P.S. :- I just caught the news of English team coming back for the test series. Would have loved if they would have played in Mumbai. But this certainly is the way to go.. :)

Tuesday, December 2, 2008

The Holy Land



Memories rush back of that beautiful place,
the sacred land protected by amazing grace.
Spent the time of our lives under the dark sky,
wishing for the beyond and expecting to fly.
Shouted out the things we never could talk,
aimed for the stars, what if we missed the mark?
A longing for the unknown ruled our restless hearts,
imagination spurning the wisdom the past often imparts.
The happiness would remain and so would the scars,
the moments so myriad to fill many such memoirs.
A medley of bliss, euphoria, distress and pain,
a life so myriad I wanna live it all over again.

Saturday, November 15, 2008

Angels and Bastards

This is something I was always planning to write. My journey of the past 15 months. Lessons learnt, relationships made and broken, happy hours and restless nights, intellectuals and psuedo intellectuals, angels and bastards...

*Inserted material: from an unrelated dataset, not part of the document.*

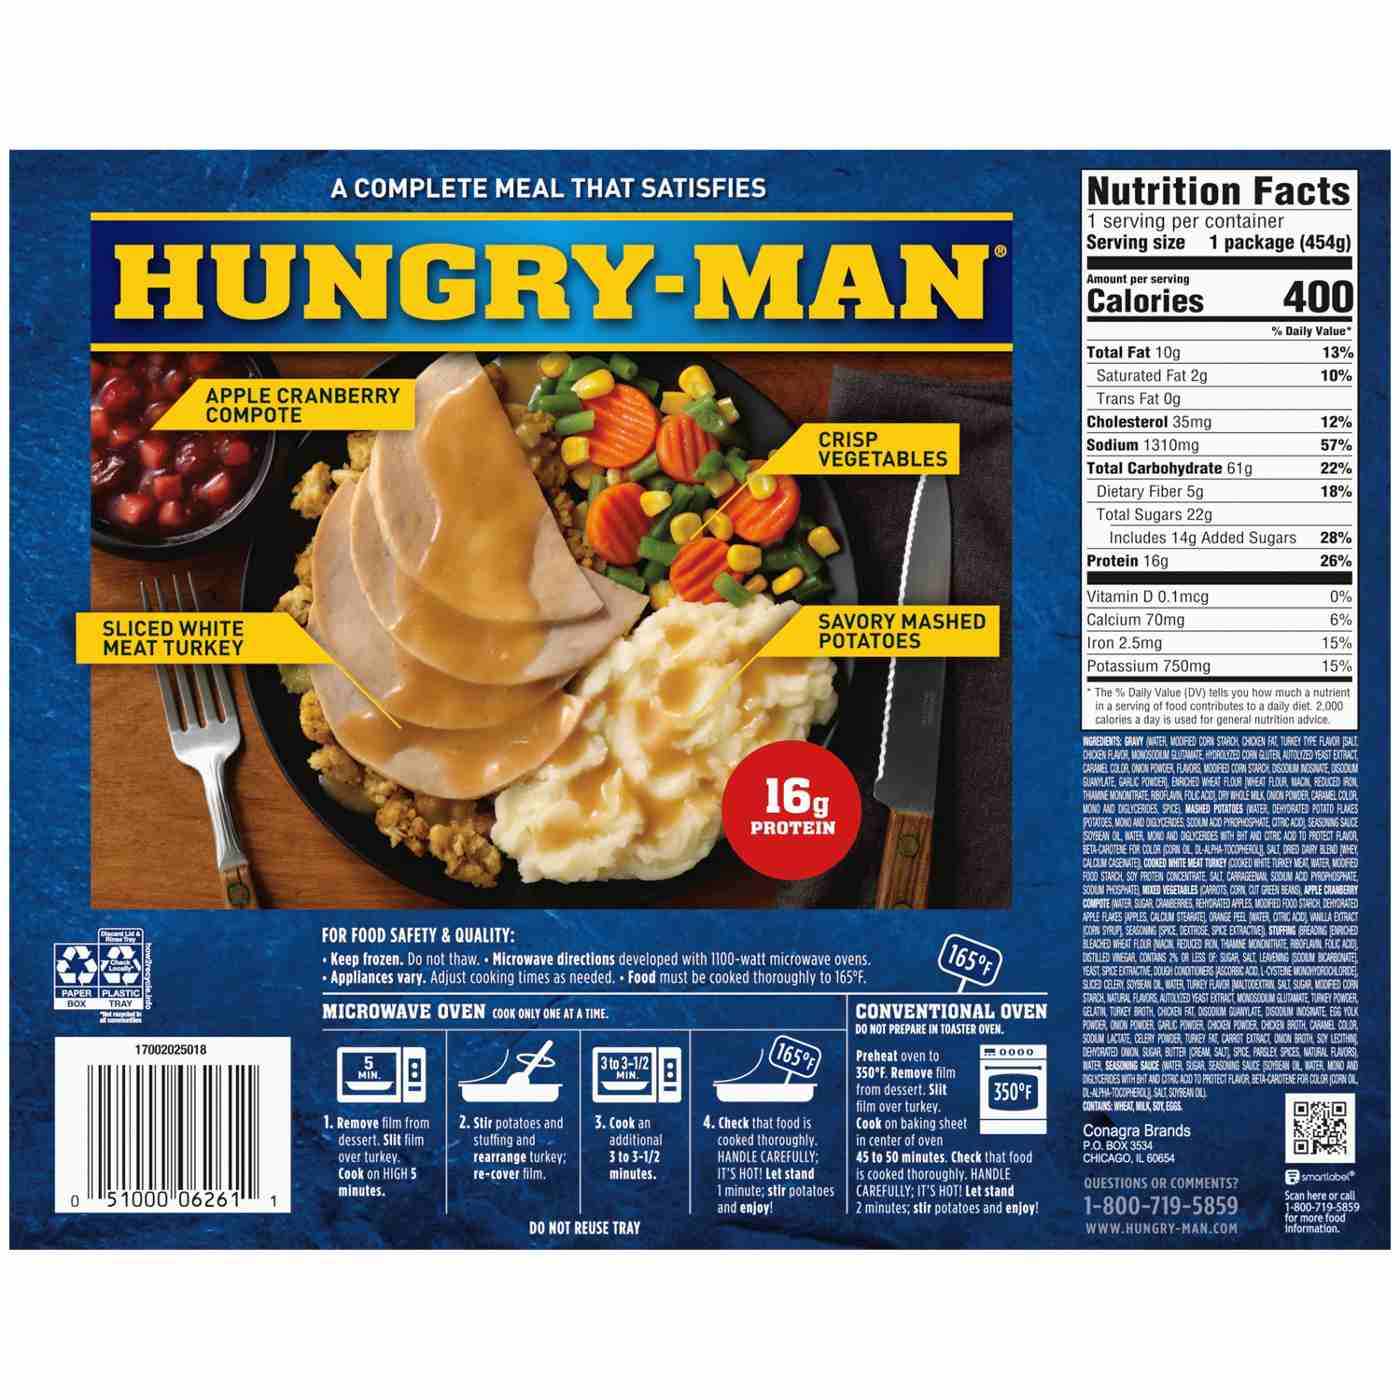 Hungry-Man Roasted Turkey Frozen Meal; image 7 of 7

Coming to MICA was perhaps my way escaping the reality. The atmosphere did seem surreal at the beginning and the feeling got more acute with time. Fitting into a new place is not always easy but that was not the difficult part here. Adjusting to the ever changing behaviors and misplaced idiosyncracies however, was. The long walks in the night seemingly drived my life and it was as though the life source was sapped along with the abrupt end of those walks. Unrest replaced my once serene mind and life would be never as good again.

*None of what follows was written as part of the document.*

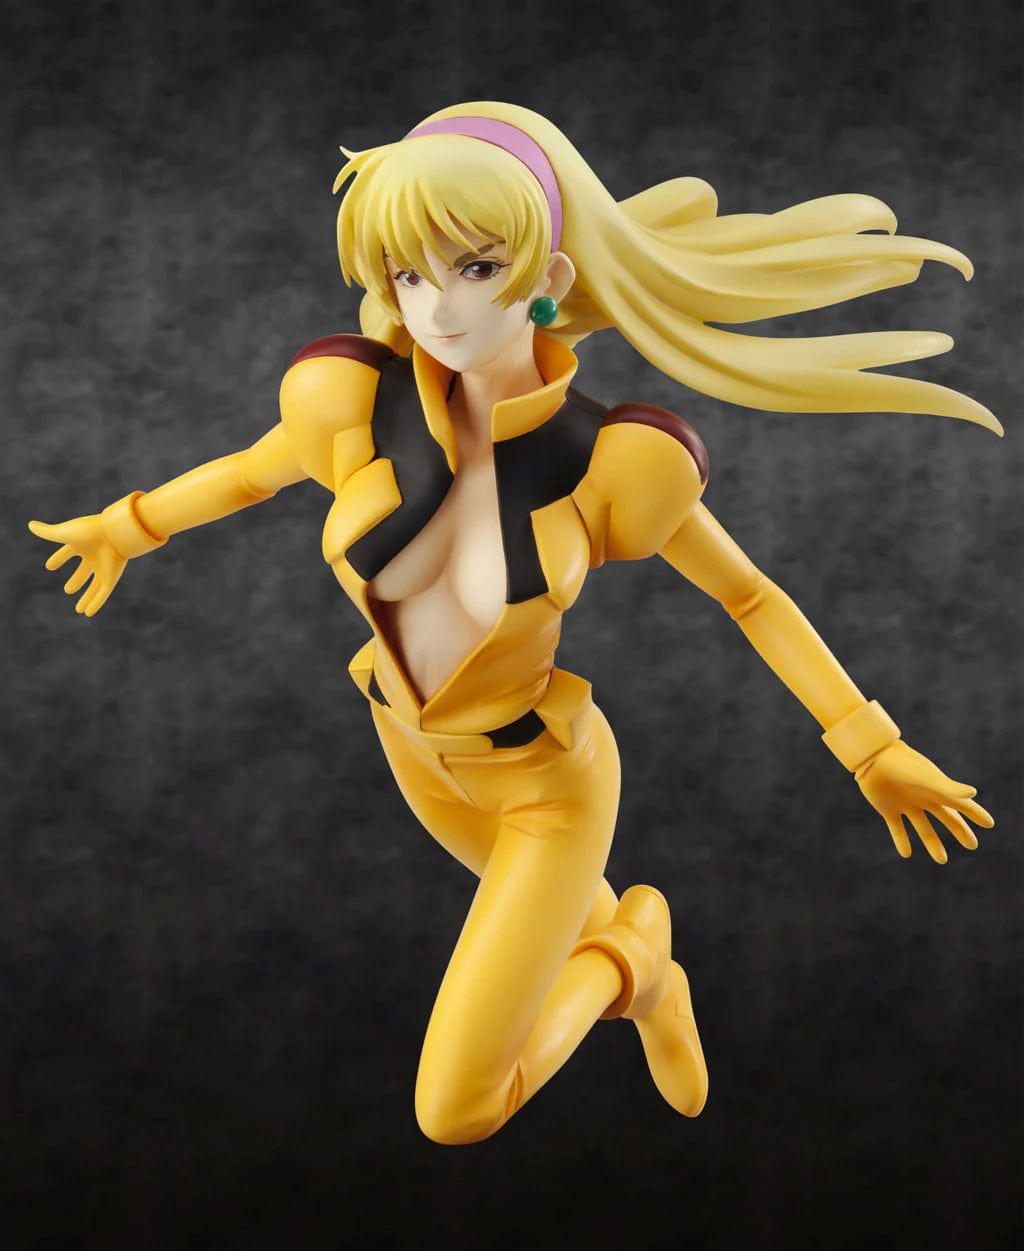 Megahouse EXCELLENT MODEL SERIES RAHDX G.A.NEO MOBILE SUIT VICTORY GUNDAM Loos Katejina (Repeat)

U never know when u click with people who become your best friends. This time It happened online at 2'0 clock on an otherwise boring September night by chance. After more than an year and a zillion mugs of coffee and countless hours of cribbing and complaining later, I believe Mishu is one person who I can always count on ( though not on sticking to coffee plans :) ).

A family away from family, i thought was a phrase that has no literal meaning. But here I am, a part of the first family of PGPCME. A family with all the trappings of a 'K' serial from scheming couples to spurned lovers. The proceedings could not have gotten more dramatic. What would I remember from here?? Lot of them, some good some not so. The shared Maggi n fried rice [courtesy Niki], the mid night movie shows [Karzzzz...!!], the saturday night eat outs, hogging the biryani meant for the whole 'family' [that would be me and Nimit :P], gettin beaten up for doing that, the trip to West Bengal, getting lost in the marshy jungles of Sunderban, assignments shared, fruitbeer and manekchowk in the late night, broken dreams and reality checks, taking the brunt for some one else, pouring my heart out to Mishu on terrace, just being there for each other, the list would go on.

It wasn't all angels and saints though. Some don't waste an opportunity to backstab, perhaps it is a way of life for a few. Hollowness and indifference were to be found in the most unexpected and unlikliest places. I don't know if experience makes a person better or bitter, don't even know if it has made me a different person. But I have learnt. To introspect, to give, to forgive, to apologize, to explain, to enjoy, to endure, to assimilate, to be what I am. whatever I will be tomorrow, I would owe part of that to every one who taught me how to be and how not to be, every one who loved me and hurt me, every one I liked and hated.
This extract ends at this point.